Le prime monete conosciute e diffuse nel Bresciano furono, con tutta probabilità, le galliche-cenomane che Gian Paolo Bognetti ("Storia di Brescia", I, p. 118) ritiene introdotte intorno ad una data che va non più in là degli ultimi anni del sec. III a.C. quando cominciano a circolare tra la popolazione padana «monete d'argento (e in piccola misura di bronzo) che, in numero infinito di conii, ripetono grosso modo tutte lo stesso tipo: una testa femminile al diritto e un leone passante al verso, chiara imitazione cioè della dracma di Marsiglia». Si tratta di monete «coniate autonomamente, con ogni probabilità dalle singole tribù galliche, mantenendo pur sempre però validità di circolazione in tutta l'area padana, ed anche più lontano». Di tali monete nella zona cenomane vennero effettuati numerosi ritrovamenti: uno, in particolare, di grande importanza, a Manerbio in località Gravine Nuove, dove nel 1955 venne alla luce, in un unico vaso, un tesoro di 20 chili di quattromila dracme celtiche, appartenenti ai tipi dei Leponzi, degli Insubri e dei Cenomani. Di queste dracme circa 1400 erano del tipo attribuibile ai Cenomani, tribù celtica che aveva Brescia come capitale. Il fatto che i Cenomani fossero stanziati nel territorio bresciano non venne ritenuto essere un elemento sufficiente per poter affermare che le suddette dracme fossero state coniate a Brescia od entro il territorio bresciano, mentre ha fatto pensare che il tesoro potesse costituire una cassa comune di tribù confederate. Tra gli altri ritrovamenti venne considerato di rilievo quello venuto alla luce nel 1888 a Porta Venezia.


Controversa è l'esistenza di una moneta bresciana in epoca longobarda.

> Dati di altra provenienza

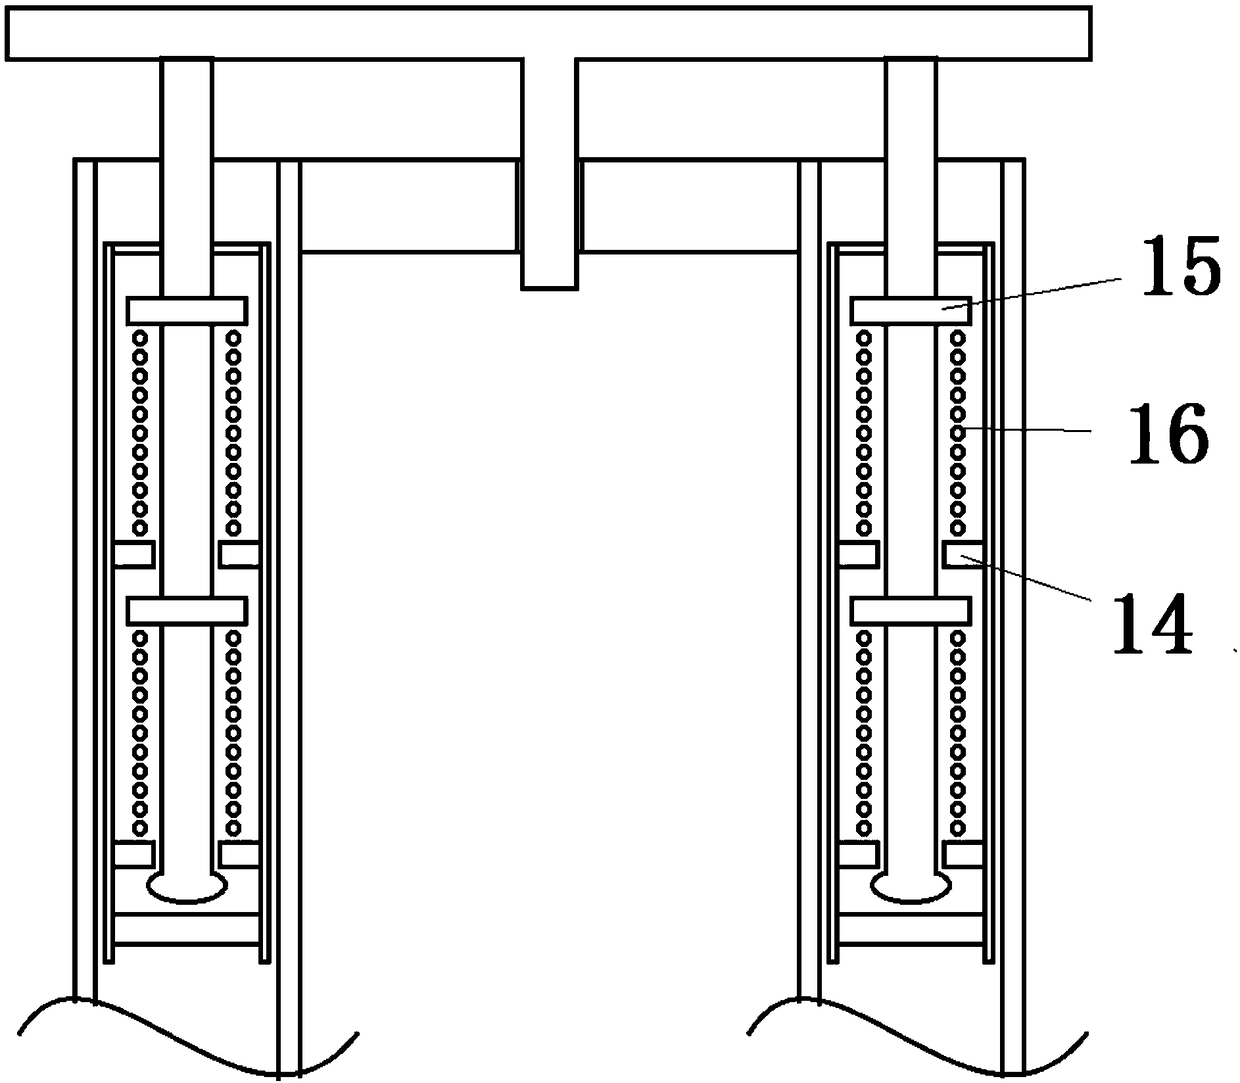 Force transfer damping and anti-collision steel beam for automobile

Dell'esistenza di una Zecca hanno scritto un classico della materia, il Carli e alcuni altri. L'affermazione è sembrata avvalorata dalla scoperta nel 1990, negli scavi di S. Giulia in Brescia, di un tremisse longobardo, e dalla comparsa sul mercato di Lugano nel 1999 di un tremisse stellato a nome di Desiderio acquistato dalla Fondazione CAB e donato ai Civici Musei di Brescia. Esiste anche un diploma del 945, attribuito all'imperatore Lotario, nel quale si parla di Zecche nella città di Mantova, Brescia e Verona, ma il documento «è assai sospetto, e merita poca fede» (F. Odorici); d'altronde finora non è stata rinvenuta alcuna moneta di questo periodo, come neppure di altri precedenti, che possa essere attribuita ad una Zecca bresciana. Di contro, a parte possibili falsificazioni, vi è chi ritiene valida l'affermazione di Gian Paolo Bognetti ("Storia di Brescia", I, p. 423) per il quale il mercato di Brescia si riservava di rifiutare una moneta non regolare stringendo all'uopo accordi con la Zecca di Mantova senza battere moneta propria. Per i secoli seguenti, fino al XII secolo, si registra soltanto l'affermazione, in una lettera di Paolo Gagliardi al Mercatore, dell'esistenza di una Zecca in Brescia fin dal 1042 che avrebbe sfornato monete in omaggio alla visita di Papa Innocenzo I alla città, mentre è registrata la presenza prevalente sul mercato della moneta milanese di «denari boni mediolanenses» (o più semplicemente «denari boni» o «denari») della moneta imperiale e solo più tardi dal 1154 di quella cremonese.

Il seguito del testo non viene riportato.